With the index’s largest weighting being Samsung Electronics, Tencent Holdings Limited, Taiwan Semiconductor Manufacturing (TSM), and Alibaba Group Holding Limited; it’s evident that emerging markets are moving up the market value chain and with the inclusion of more countries, the drivers of the index need no longer only be considered as commodity only. With a deep pool of talent to draw from and competitive labour rates that aid in exploiting global opportunities and economies of scale, it does not come as a surprise that emerging markets are providing strong businesses that feed the global structural appetite for technological change.

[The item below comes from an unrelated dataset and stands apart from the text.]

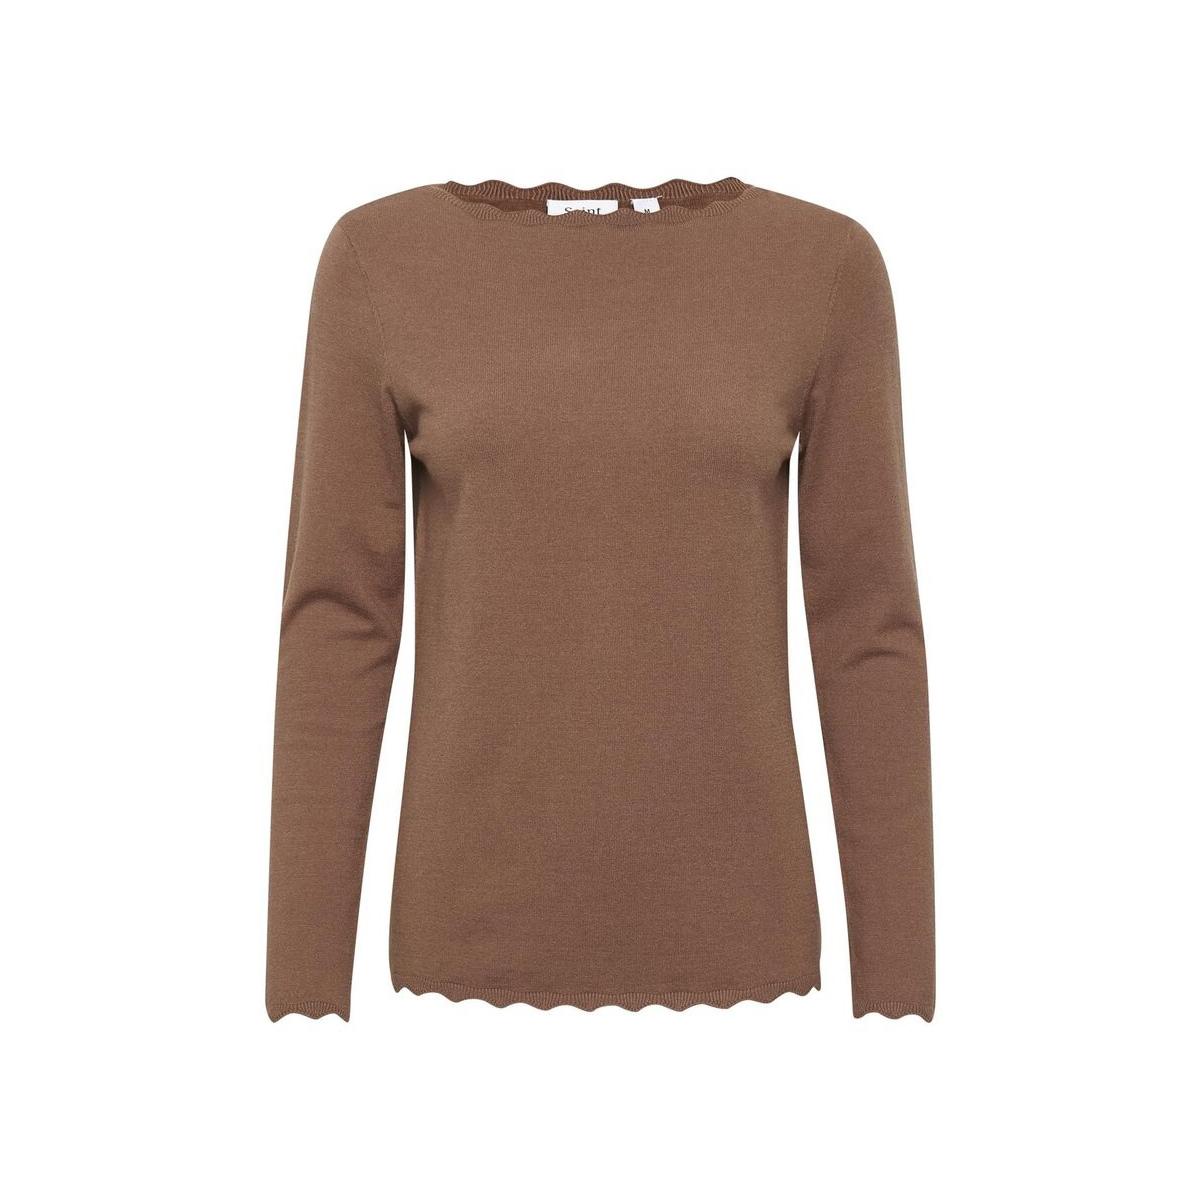 knitted blouse ls u2522 30501521 saint tropez trui 181030 thrush

The growth in consumer related stocks could be further testament to the influence of China’s domestic consumer trends. If this was not only because of the large size of China within the index, then I also suspect with the continued improvement to their GDP per capita and the conscious rebalancing away from an export economy to a demand driven one will only serve to make this a more dominant sector.

How has this change in drivers to the emerging markets been reflected in fund performance this year? Well, in truth very impressively as 45 managers within the Investment Association emerging market sector have outperformed their benchmark the MSCI Emerging Markets, which has delivered year-to-date 17 per cent. With the top three performers, as of beginning of August 2017 being:

  • Baille Gifford Emerging Markets (27.4 per cent)
  • Baille Gifford Emerging Markets Leading Companies (27.3 per cent)
  • UBS Global Emerging Markets Opportunity (24.8 per cent)

The two Baille Gifford funds have larger R-squared (>67 per cent) and correlations to the MSCI Emerging Market than the UBS (46 per cent R-squared) over the last year which shows that managers do not necessarily have to be similar in order to thrive within this environment or in fact track the index.

Looking at one-year rolling R-squared reveals fluctuating relationships between commodities and the MSCI Emerging Markets. R-squared or coefficient of determination as it is fondly known by quants is the percentage of variation in dependent Y that can be explained by independent X variable (between 0 and 1), in a regression model. Or else, the variation in commodity movements that is explained by the benchmark emerging market index. Looking at a longer rolling periods of 3 years or 5 years, reveals the same fluctuating pattern but with smoother lines.

Of the agricultural markets tested, coffee has the strongest relationship to the MSCI Emerging Market index. Mining and metals generally have stronger R-squared to the index, although as you can see, there is a slight down trend. WTI crude oil also has a consistently high R-squared but that too has been coming down. China and copper have the strongest of relationships of the indices observed. However, of all the variables looked it, it is China that has the increasing R-squared in line with our earlier observations.

Perhaps expected but nonetheless, China and global structural secular trends continue to drive emerging markets and all markets for that matter. Well documented trends of ageing populations/pharma, emergence of the emerging countries middle class consumers, infrastructure and green energy, development of technology/telecommunications and artificial intelligence are all still evolving as managers attempt to catch tailwinds whilst others like commodities wane in power.